Asa Mathat for Re/code

General Motors Chief Executive Mary Barra said the automaker plans new efforts to capitalize on the connectivity built into its cars, expanding car-sharing services, offering more autonomous driving features and enabling services through smartphone apps.

“Our goal is to disrupt ourselves and own the customer relationship beyond the car,” Barra told Reuters in an interview Monday ahead of a meeting with investors and analysts scheduled for Oct. 1.

Using technology embedded in its cars, she said, a customer who owns a Chevrolet Malibu could step into a Cadillac CTS and the luxury car could import from a smartphone app the driver’s preferences for how the car should function.

It would be “a hop, skip and a jump” for GM to offer broader car-sharing services, she said. GM’s autonomous driving feature, SuperCruise, will also make use of high-speed data connections in cars when it launches next year.

Connectivity and apps will also help GM keep tabs on what customers are doing with their cars and how they are responding to features such as automatic braking or hands-free highway driving, Barra said. Companies such as Apple and Google are pushing to dominate dashboard displays with their software, but “we have the platform” of the vehicle itself, Barra said.

GM has moved more aggressively than most of its rivals to put high-speed, 4G LTE data connections in its cars.

“We sold more 4G LTE-connected vehicles in three days in June than the rest of the industry did in the first half of the year,” Phil Abram, GM’s executive director for connectivity said in a separate interview

GM forecasts that from 2014 to 2018 it will earn about $350 million before interest and taxes on connectivity related services — a rounding error on GM’s projected revenue. Barra said the value in connectivity will grow if GM can inspire customers to stick with its brands for life and provide data GM can use to tailor features and services.

GM and many of its established rivals, including Ford, BMW, Daimler and Volkswagen are under pressure to demonstrate they will not be left in the dust as companies with roots in the digital technology industry, including Apple, Google, electric car pioneer Tesla and ride-hailing power Uber try to reinvent transportation.
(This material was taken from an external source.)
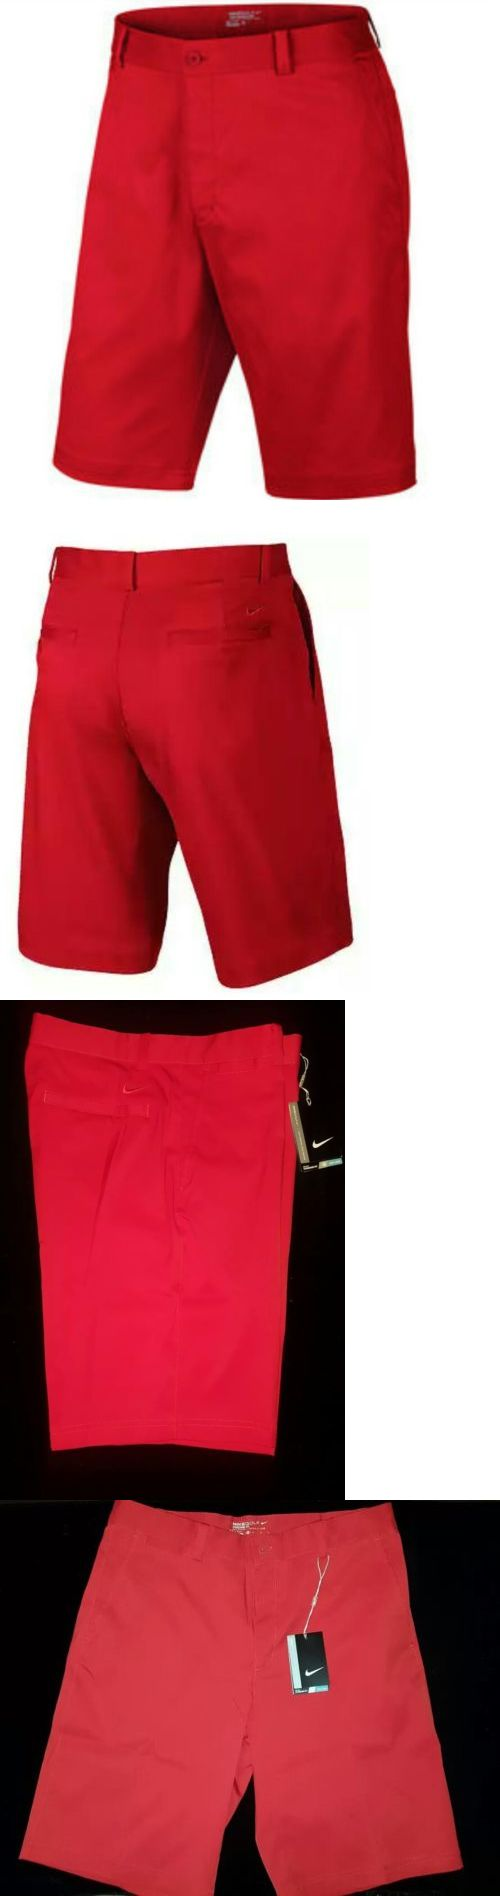 Shorts 181139: Nike Men Dri-Fit Flat Front Standard Fit University Red Short #639798 657 - 32 -> BUY IT NOW ONLY: $35 on eBay!

The threat from Silicon Valley, concern about rising regulatory costs in the wake of Volkswagen’s emissions scandal and economic uncertainty in China have combined to drive most auto stocks into the ditch this year. GM’s shares traded Monday about 12 percent below their $33 per share initial public offering price — despite Barra’s promise earlier this year to return $10 billion to shareholders in the form of buybacks and dividends through 2016.
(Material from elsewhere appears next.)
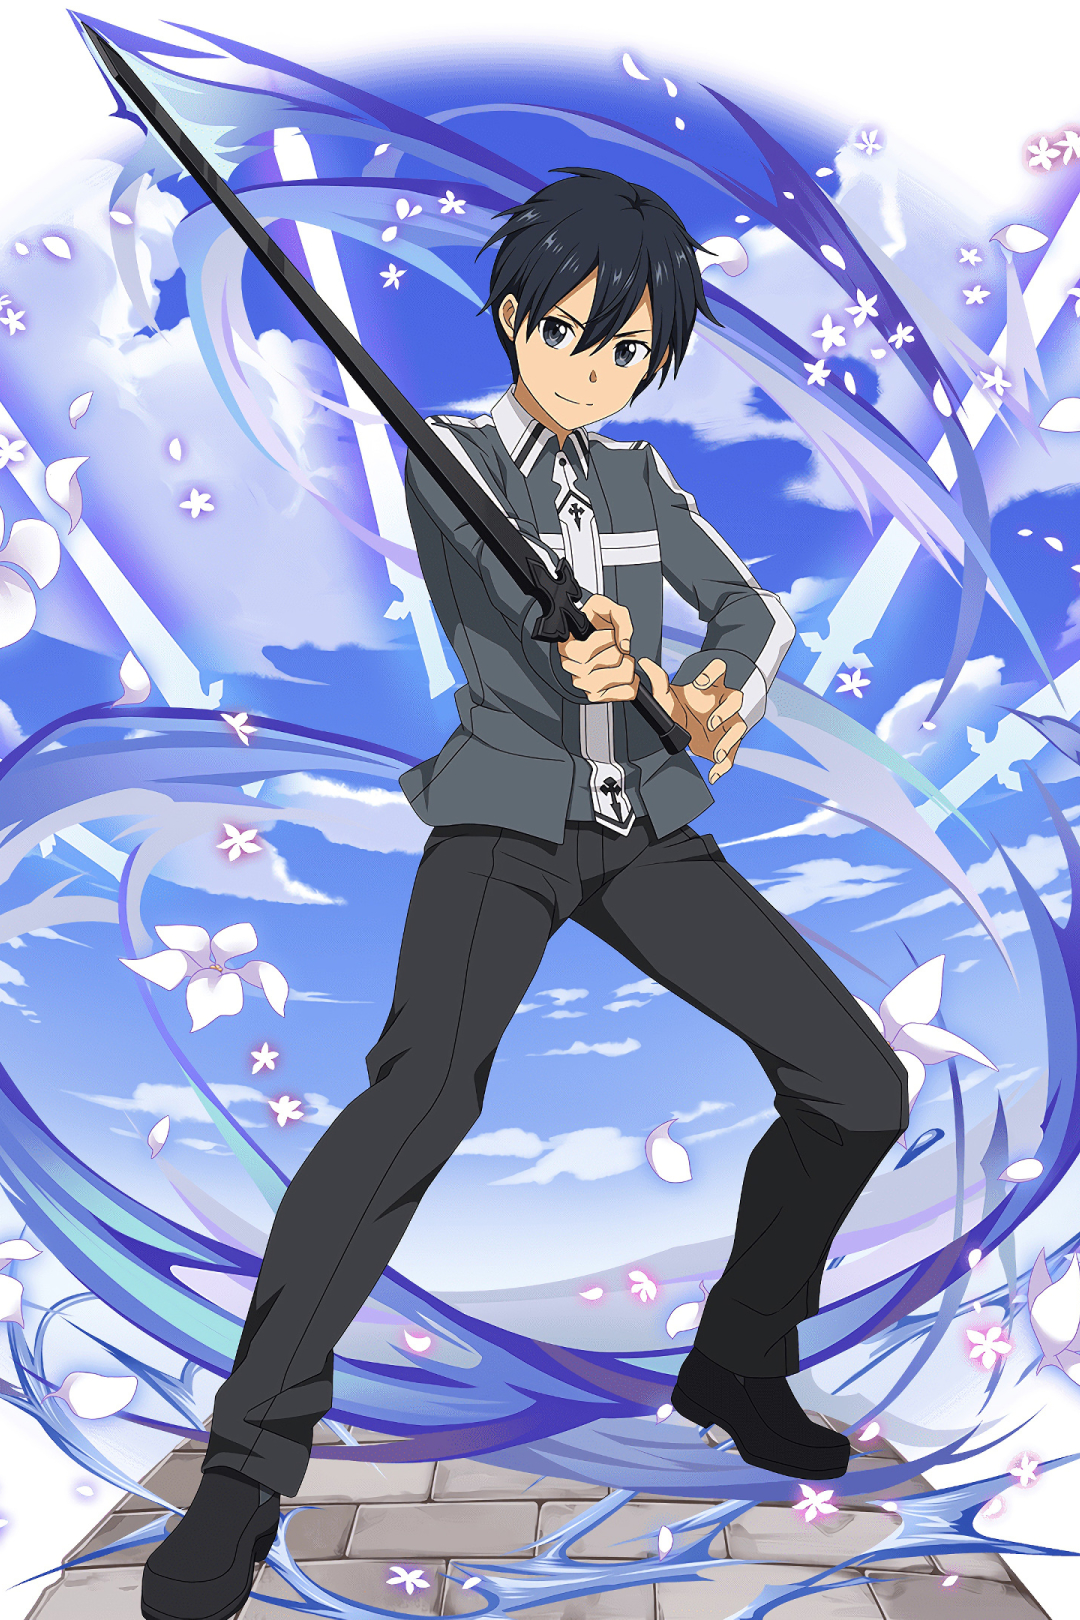 1080x1620 Kirito In Sword Art Online 1080x1620 Resolution

Barra gets good marks from analysts and investors for delivering on the automaker’s profit targets so far — including maintaining a forecast of 9-10 percent profit margins in China despite rapidly decelerating growth in vehicle demand. Earlier this month, GM paid $900 million to settle a criminal probe of mishandled recalls, dispelling a dark cloud on its horizon.

“We think the market is not fairly valuing the progress GM has made,” said Barclays analyst Brian Johnson. While he welcomed GM’s initiatives on autonomous driving and disruptive mobility, “we’re not sure that will move the needle on the stock price.”